Exercise data |
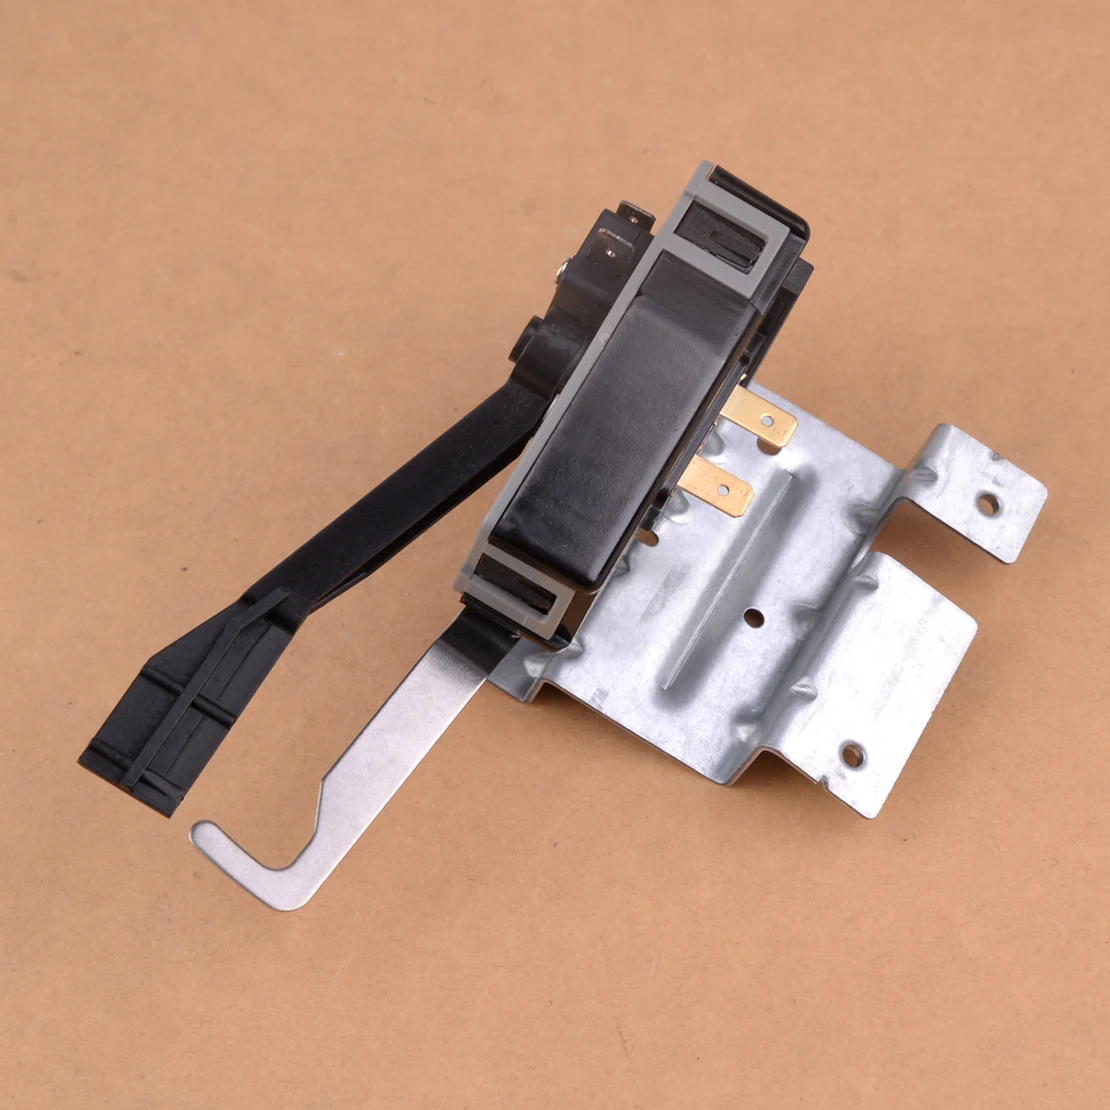 

LETAOSK 1Pc Washer Door Lock Interlock Switch Assembly 3205646 134101800 AP2108159 5303306138 Fit for Electrolux Westinghouse
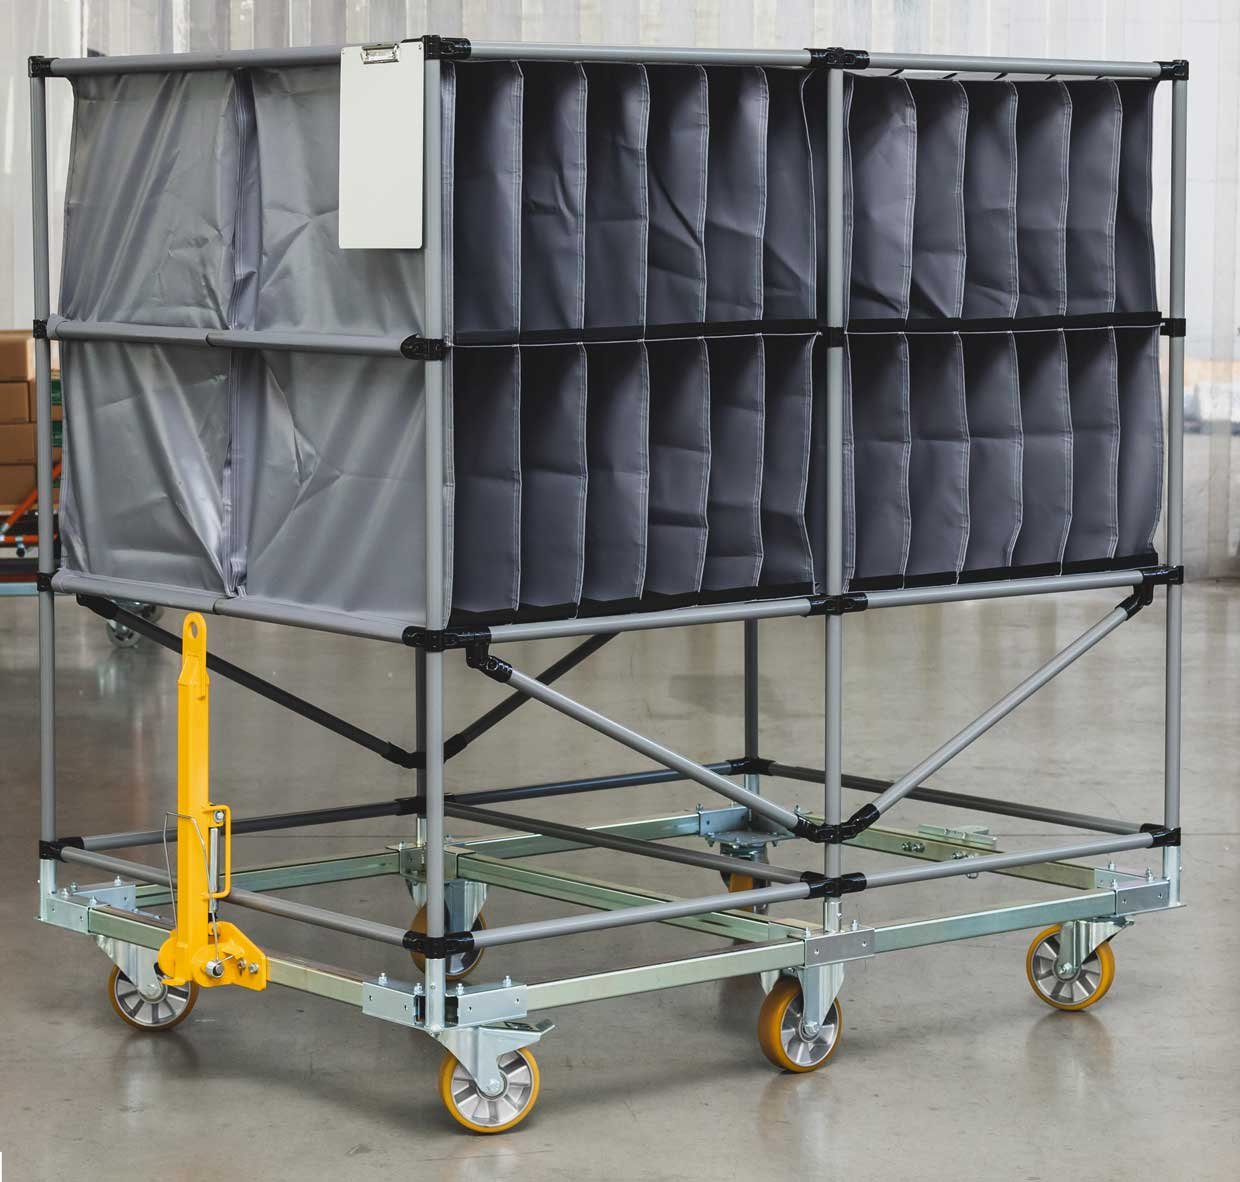 Transport trolley with fabric racks on a chassis frame made of steel square profiles with draw bar
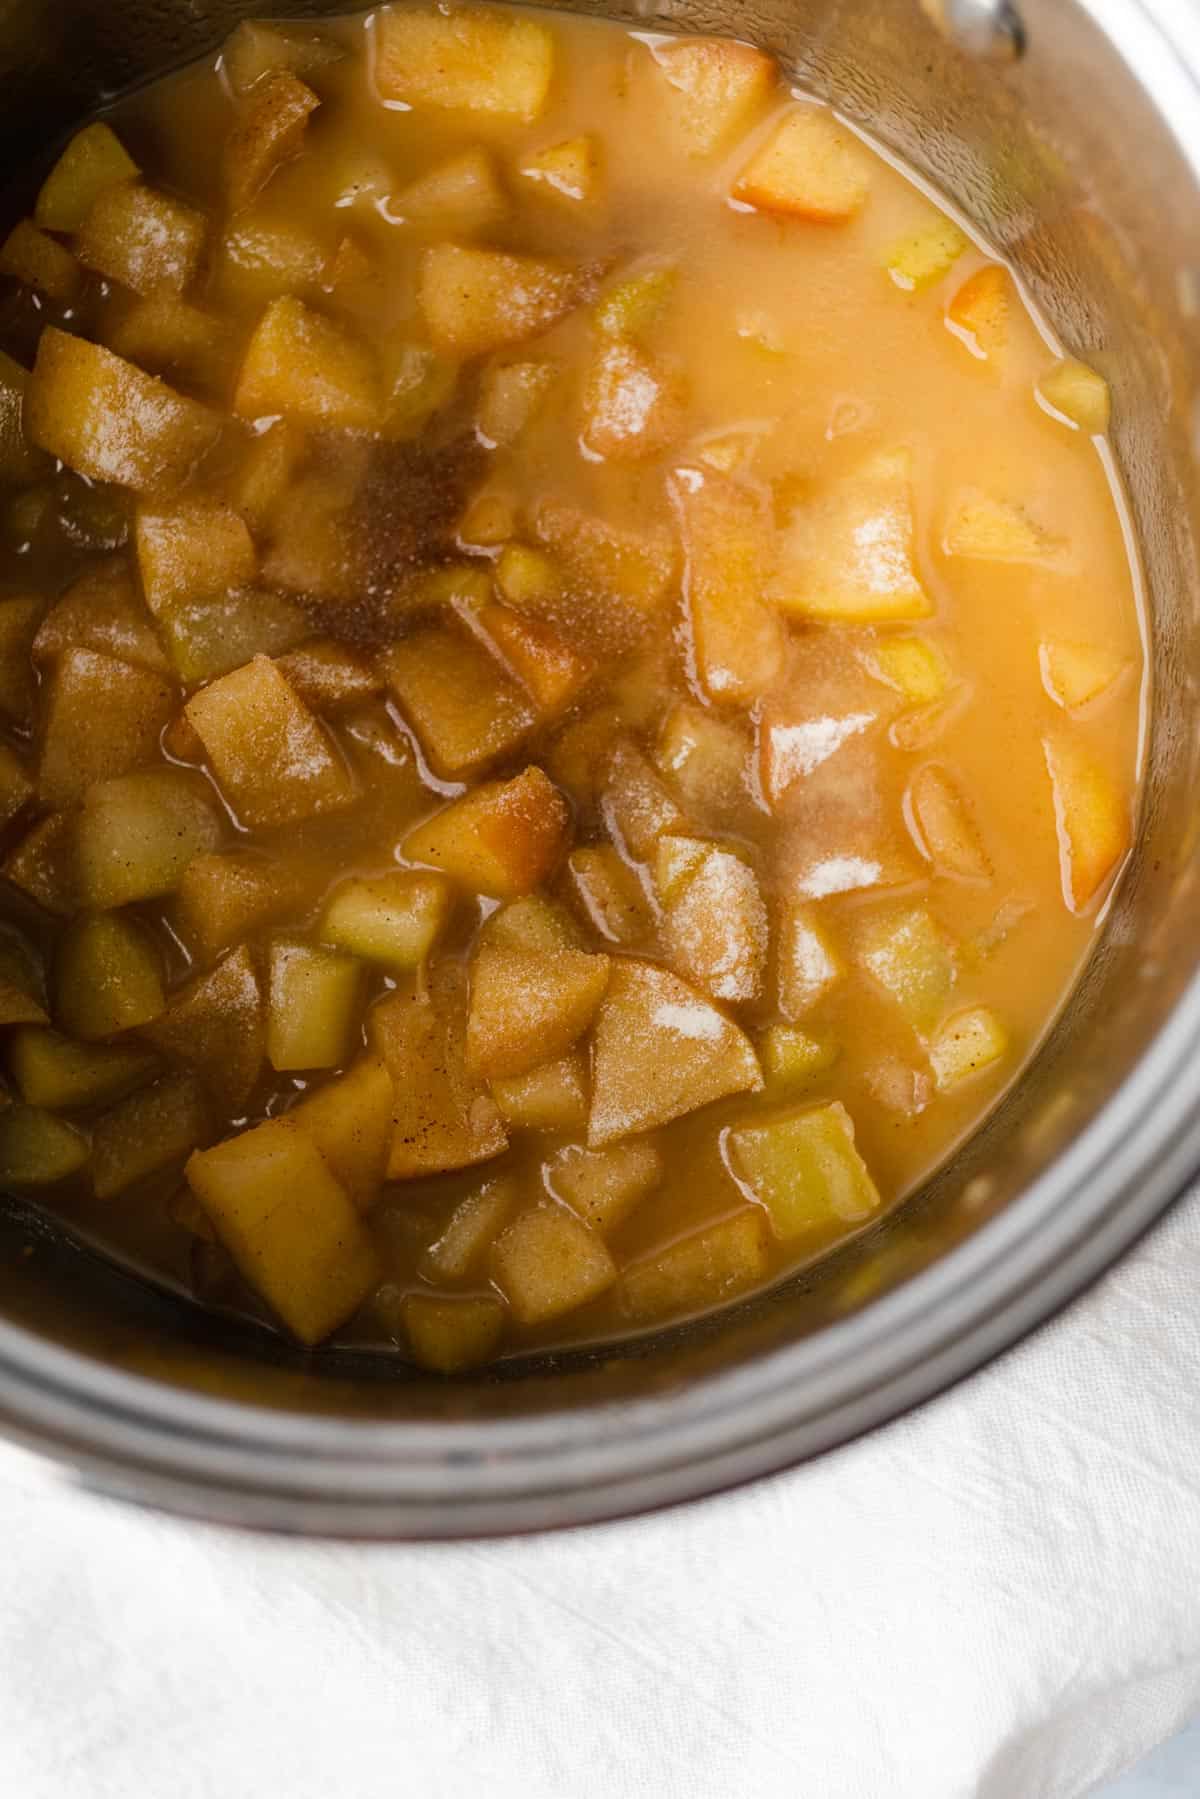 apples and zucchini simmering in a buttery spiced sauce
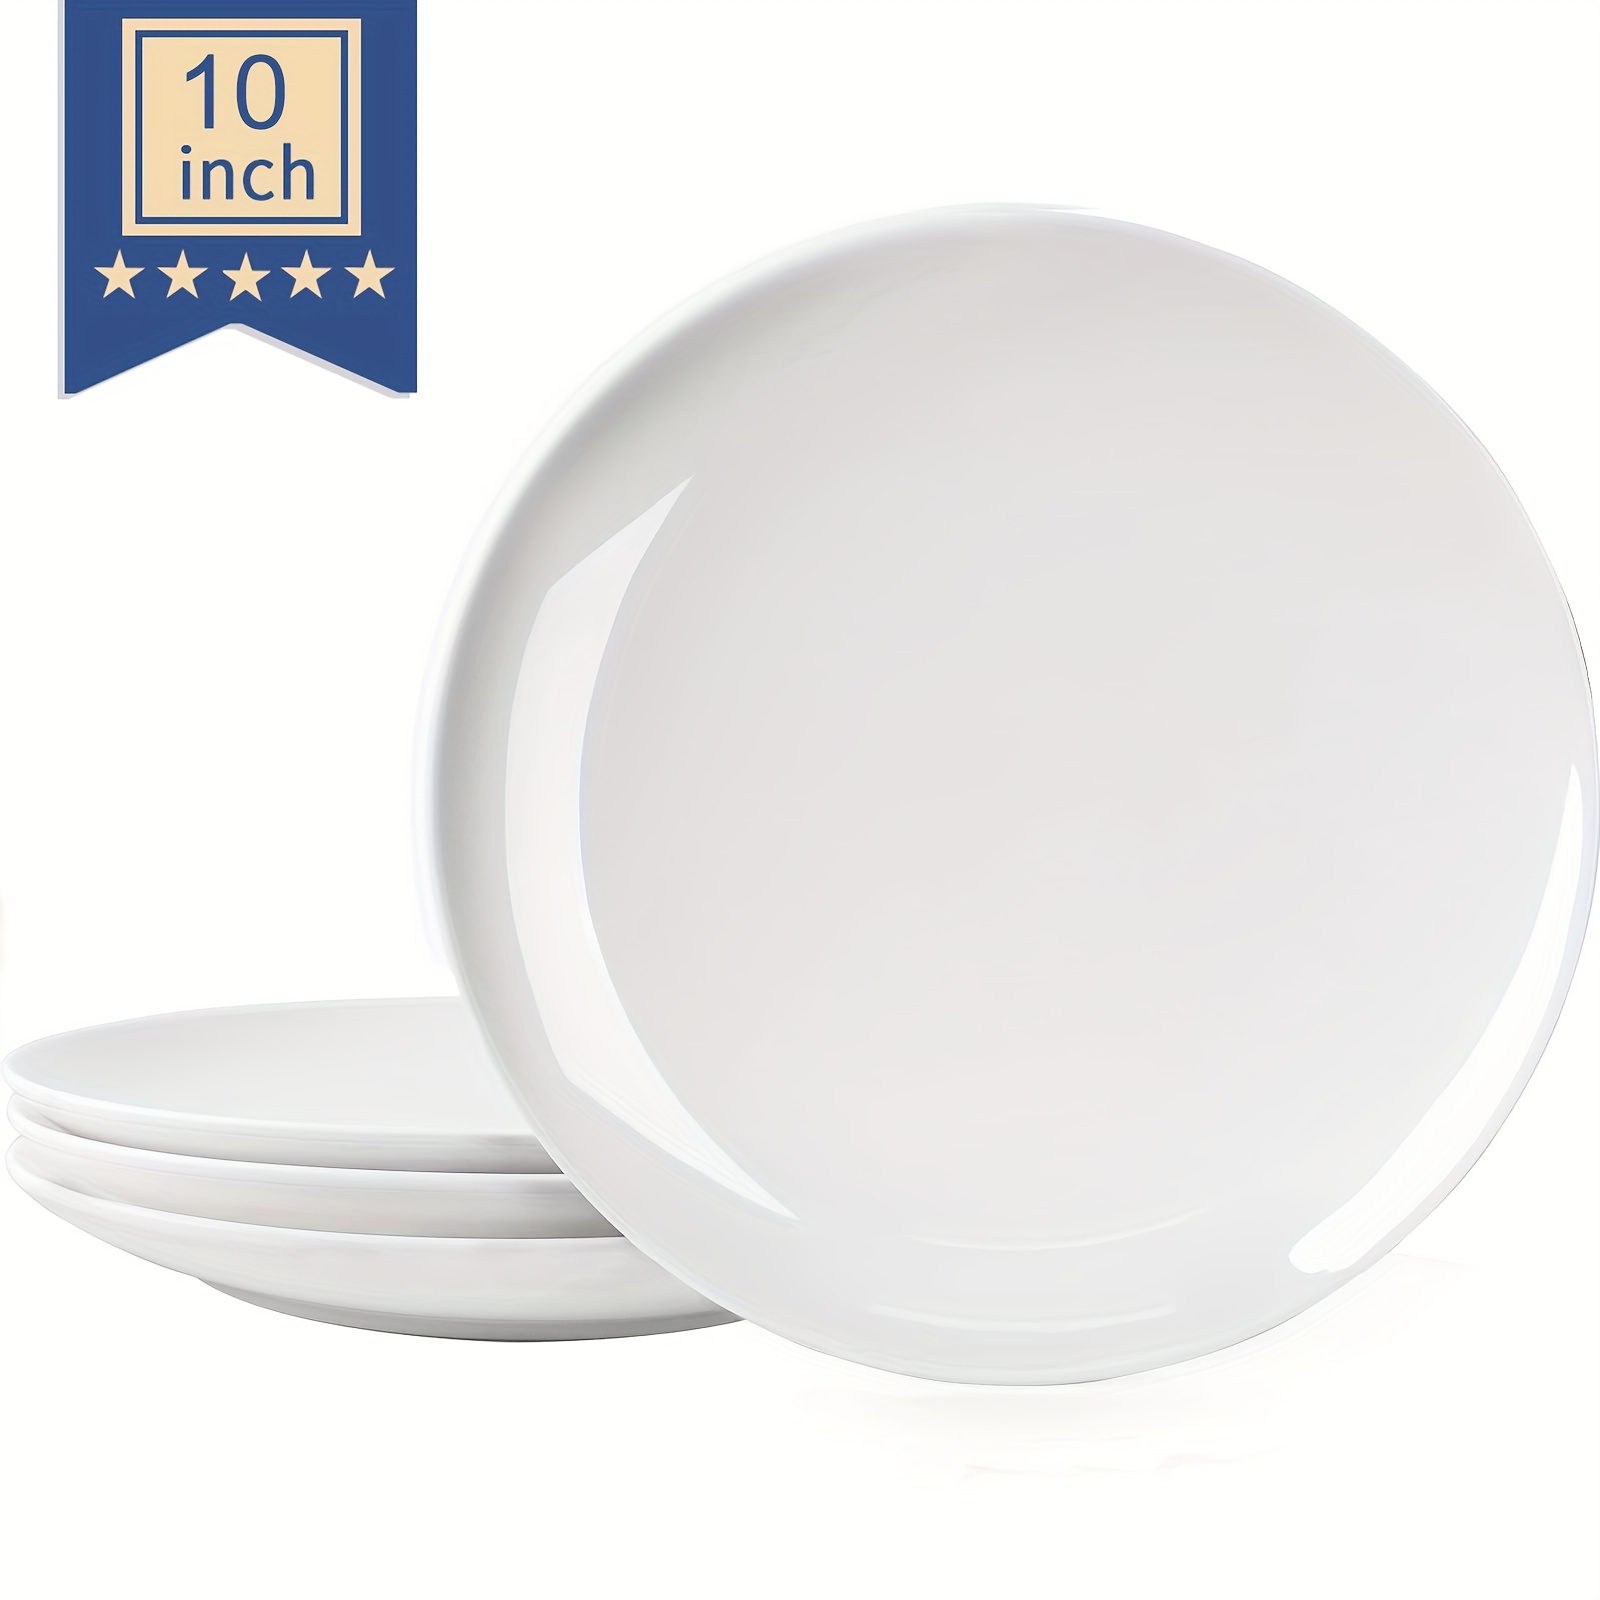 amhomel 12-Piece White Porcelain Dinner Plates, Round Dessert or Salad  Plate, Serving Dishes, Dinnerware Sets, Scratch Resistant, Lead-Free

Task to carry out | The copy has to start at the line that contains "Transport trolley with" and end at the last line of the material above, matching the original exactly and holding no pictures.

Solution |
 Transport trolley with fabric racks on a chassis frame made of steel square profiles with draw bar
 apples and zucchini simmering in a buttery spiced sauce
 amhomel 12-Piece White Porcelain Dinner Plates, Round Dessert or Salad  Plate, Serving Dishes, Dinnerware Sets, Scratch Resistant, Lead-Free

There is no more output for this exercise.